What's the most memory efficient way to store a sparse Vec (while preserving the addresses!) without sacrificing a significant amount access speed?

Since you mentioned the main reason to avoid the stdlib HashMap is performance (if I understod correctly), have you tried the crate HashBrown?

https://github.com/Amanieu/hashbrown

It's as easy as a drop-in replacement for the std HashMap and HashSet implementation but i uses a faster hashing algorithm. The difference can be quite substantial.

@cfsamson The problem here is that @ndrewxie doesn't need to use a hashing algorithm. The index should just be a passthrough.

A hashtable is fundamentally just "how do we fit bigger indexes into a smaller vec", though. So a hashtable -- of some sort -- is absolutely the correct thing for this situation.

1 Like

Of course, that's what I've been suggesting since the start, it's just that there's no need to actually hash the index because it is just a number, not a string which needs to be converted to a number, not a struct or enum or whatever, so it can be just passed through.

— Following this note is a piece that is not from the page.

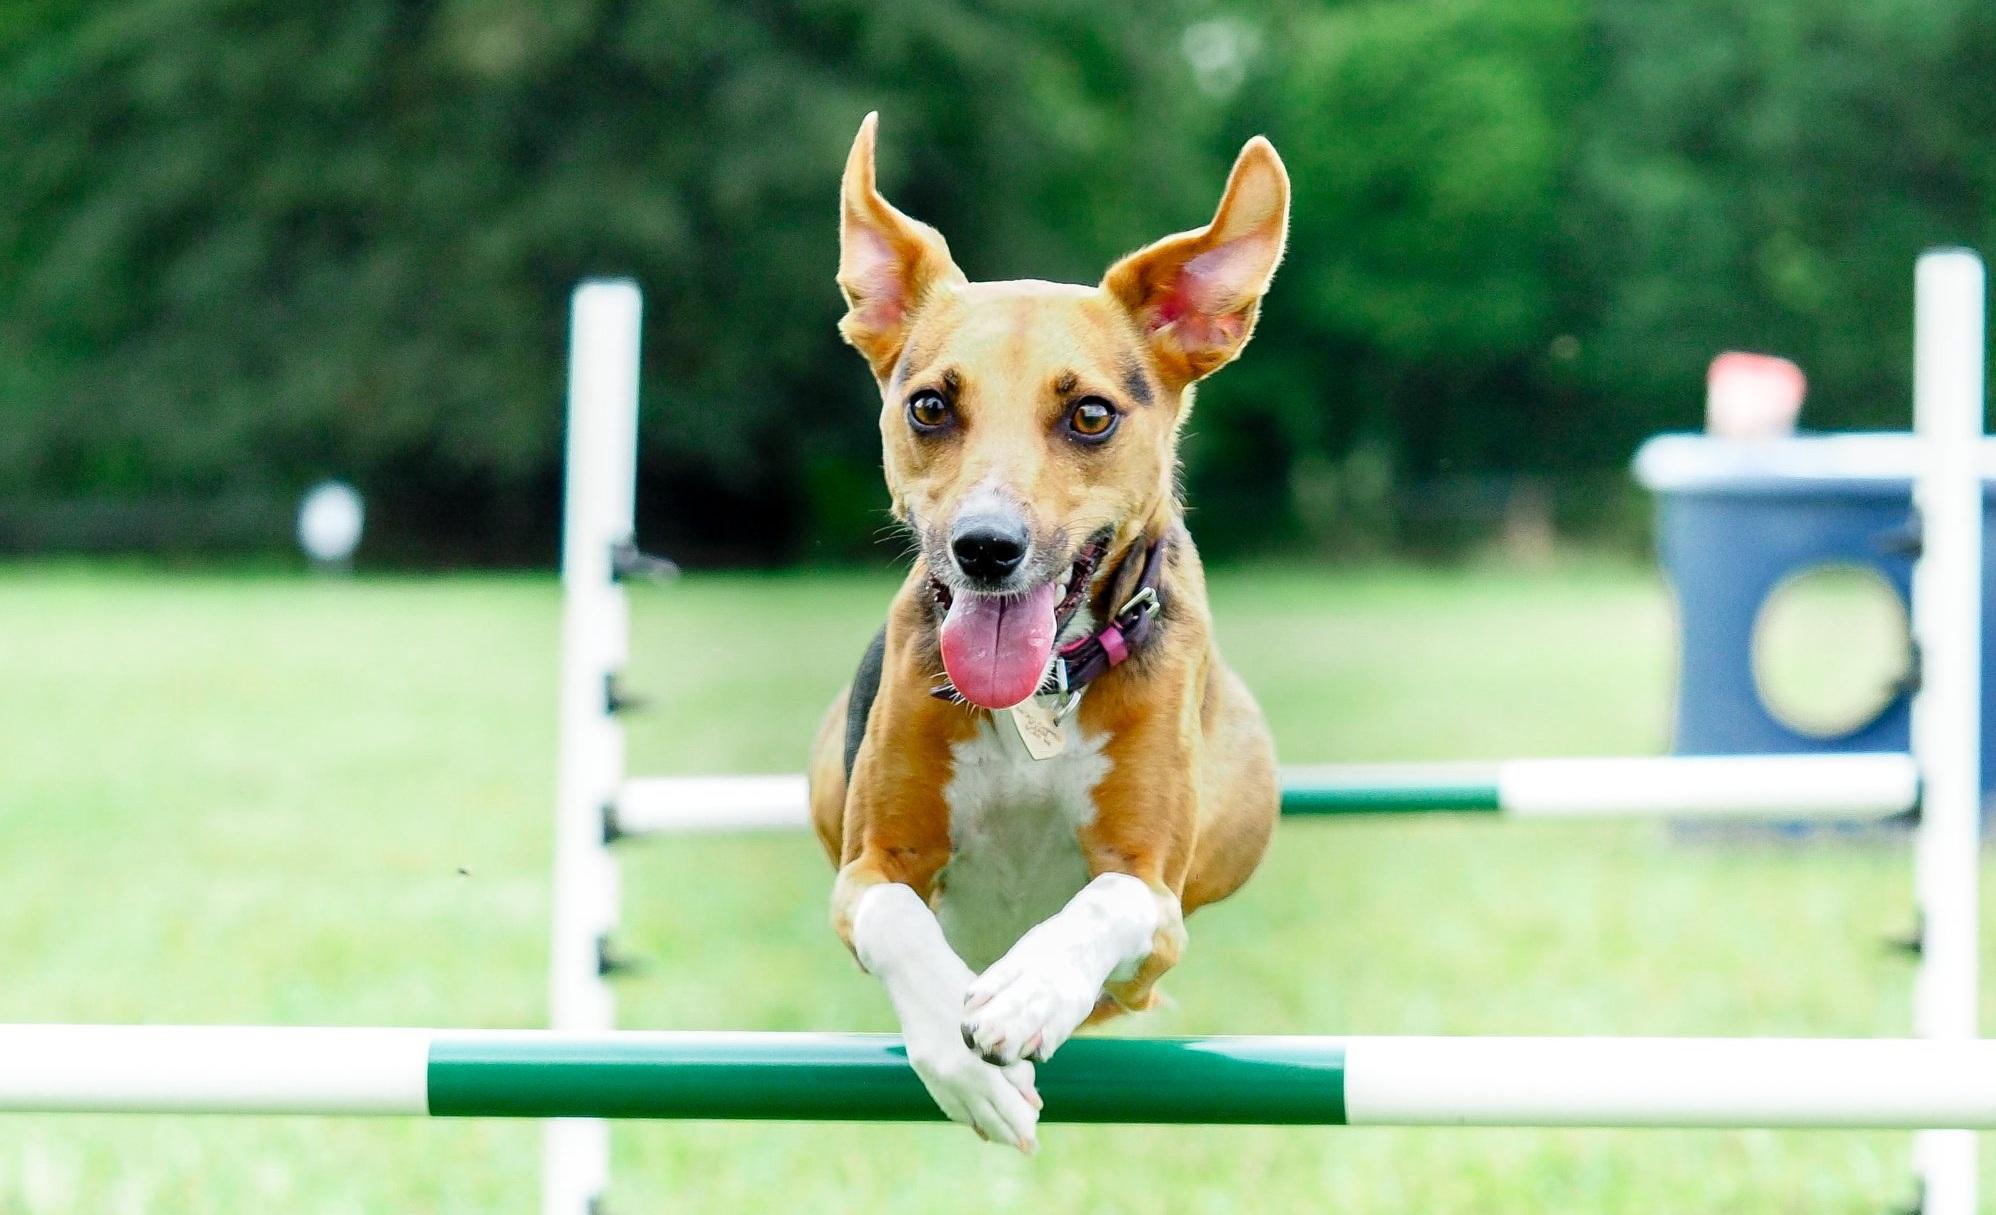 DOG WALKING FIELD -

The hasher in a hashtable will procure a u64 and therefore std::mem::size_of::<usize>() <= std::mem::size_of::<u64>()

So, something like (playground with full implementation)

struct IdentityHasher(usize);

impl Hasher for IdentityHasher {
    fn finish(&self) -> u64 {
        // TODO: static_assert!(sizeof(usize) <= sizeof(u64)), or ignore the truncation
        self.0 as u64
    }

    fn write(&mut self, _bytes: &[u8]) {
        unimplemented!("IdentityHasher only supports usize keys")
    }

    fn write_usize(&mut self, i: usize) {
        self.0 = i;
    }
}
2 Likes

Yep!

This looks like an opportunity to promote my crate RleVec. It provides a Vec-like interface but uses run length encoding to store the data. There is an O(log n) lookup price though.

https://crates.io/crates/rle_vec

You can use my sivec crate. You probably shouldn't: it's pretty untested, full of unsafe code, and likely pretty slow. But you could.

This crate provides a SIVec "self-initializing vector" type that retains indices and has O(1) initialization and O(1) access. On the other hand it's gross to use (because IndexMut is just not a good fit for this and other indexing problems) and uses address space proportional to the maximum index.

Still, can't hurt to try it out I guess.